Гости Анжелы Тересы | страница 59
Все затаили дыхание, когда Наэми поднялась, надеясь, что теперь-то наконец гром грянет. Когда же она уселась с ними вместе, все разочарованно пожали плечами и вернулись к своим делам.
Ох, уж эти иностранцы… Ни малейшего чувства стиля. Никакого «фонтана крови с тремя струями…»
Люсьен Мари быстро произнесла по-французски:
— Давид в восторге от вашей книги. Я тоже пытаюсь ее прочесть, только дело идет туго.

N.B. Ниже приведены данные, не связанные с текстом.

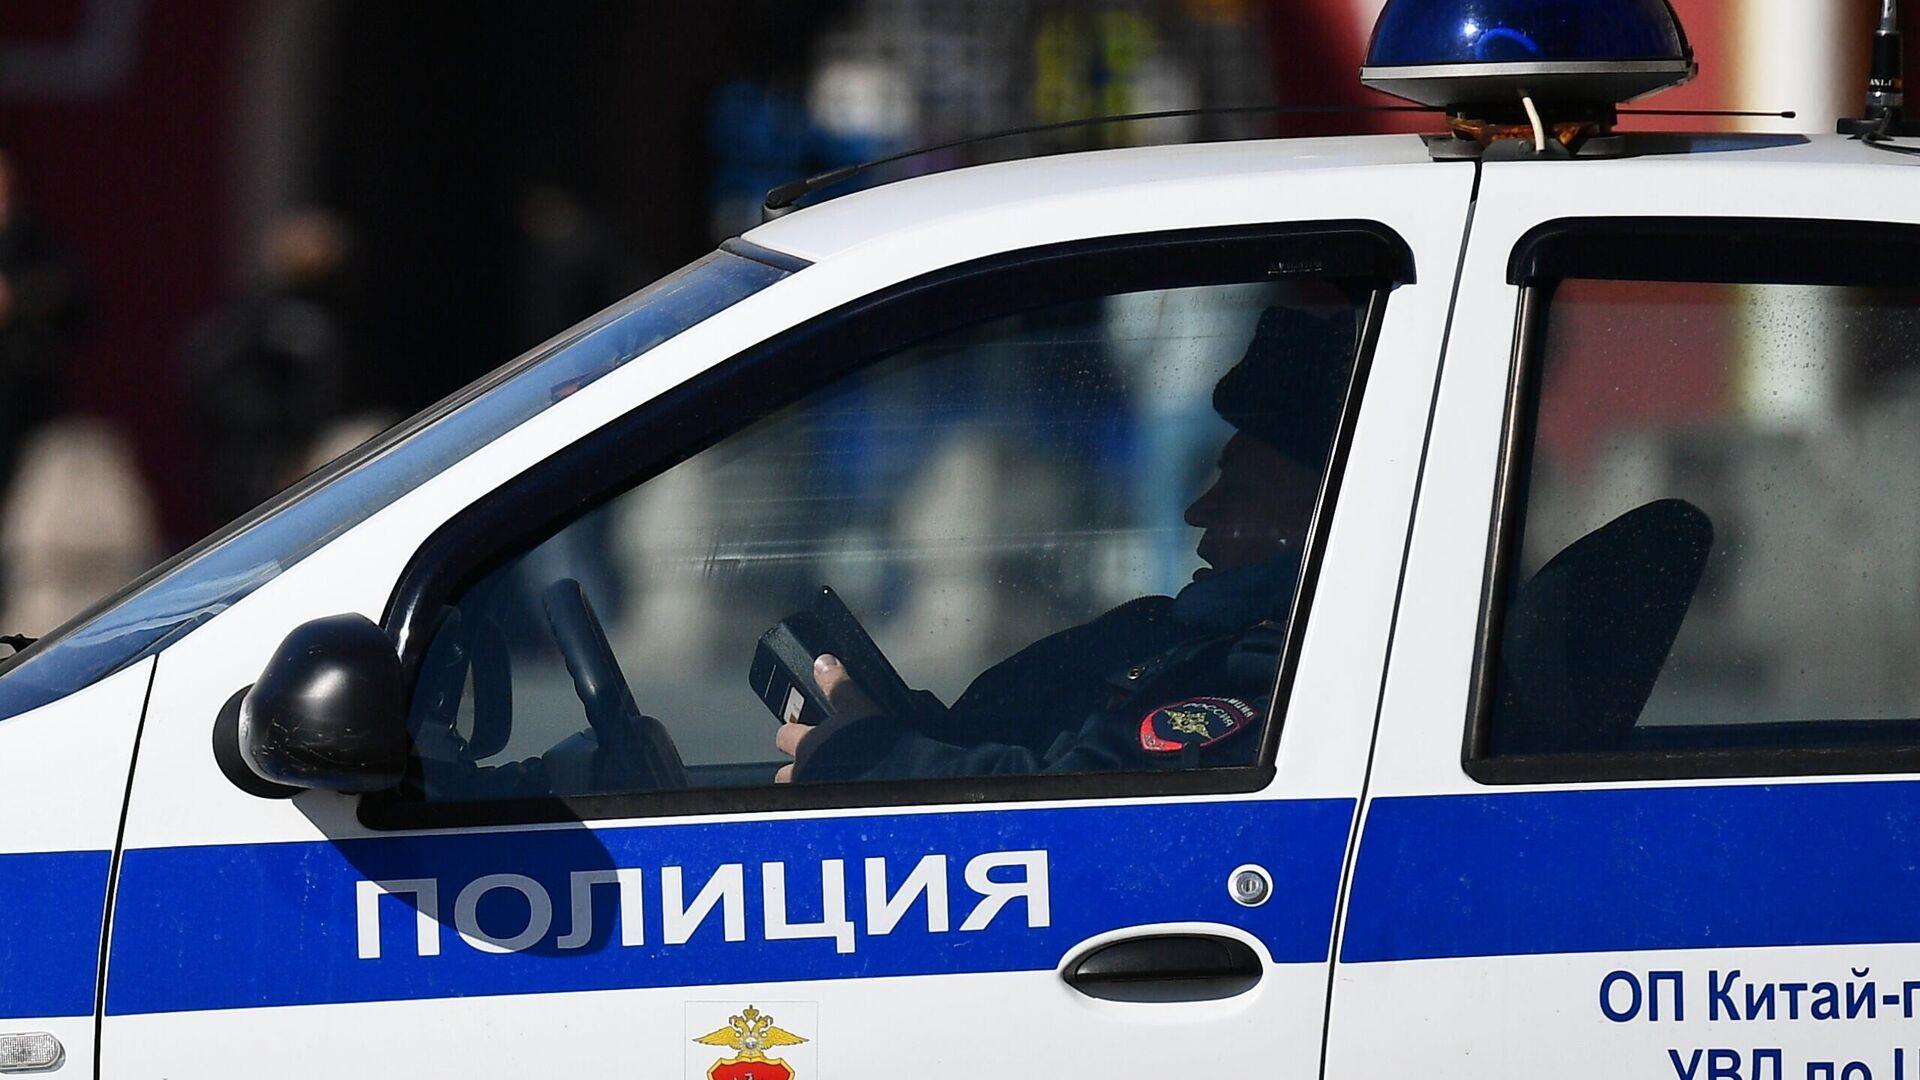 Сотрудник правоохранительных органов в полицейской машине в центре Москвы - РИА Новости, 1920, 16.06.2021

Потом она постаралась это перевести, правда, не особенно удачно, но Давид спросил ошарашенно:
— Когда это ты выучила шведский?
Она целый год обменивалась уроками с одной фрекен из Скандинавского бюро путешествий, но сейчас ей некогда было объяснять, поэтому она продолжала говорить о книгах — и ей удалось изменить настроение. А когда Давид упомянул, что Люсьен Мари через брата знала литературный кружок в кафе «de Ja Rose», Наэми чуть не почувствовала к ней уважение.
Но полностью нарушить традицию она была не в силах: прощаясь, криво усмехнулась Давиду, в глазах ее вспыхнул огонек, и она сказала:
— Я понимаю, ты занят и не можешь показать мне горы… сейчас.
— Очень занят, — подчеркнул Давид.
Он и Люсьен Мари молча шли домой. Надо было, наверное, ее поблагодарить или хоть сказать что-нибудь, но…
— О чем ты думаешь? — спросила она.
— Я почти боюсь тебя. Ты так же искусно обращаешься со мной, как с Наэми? Ведь насколько я знаю, есть только две вещи на свете, которые могут ее заинтересовать. Одна — это эротика, другая — то, что она пишет. Ты так здорово переводила стрелки, что я просто диву давался…
В одной древней книге сказано: блаженны миротворцы. Но известно также, что именно роль миротворца особенно неблагодарна.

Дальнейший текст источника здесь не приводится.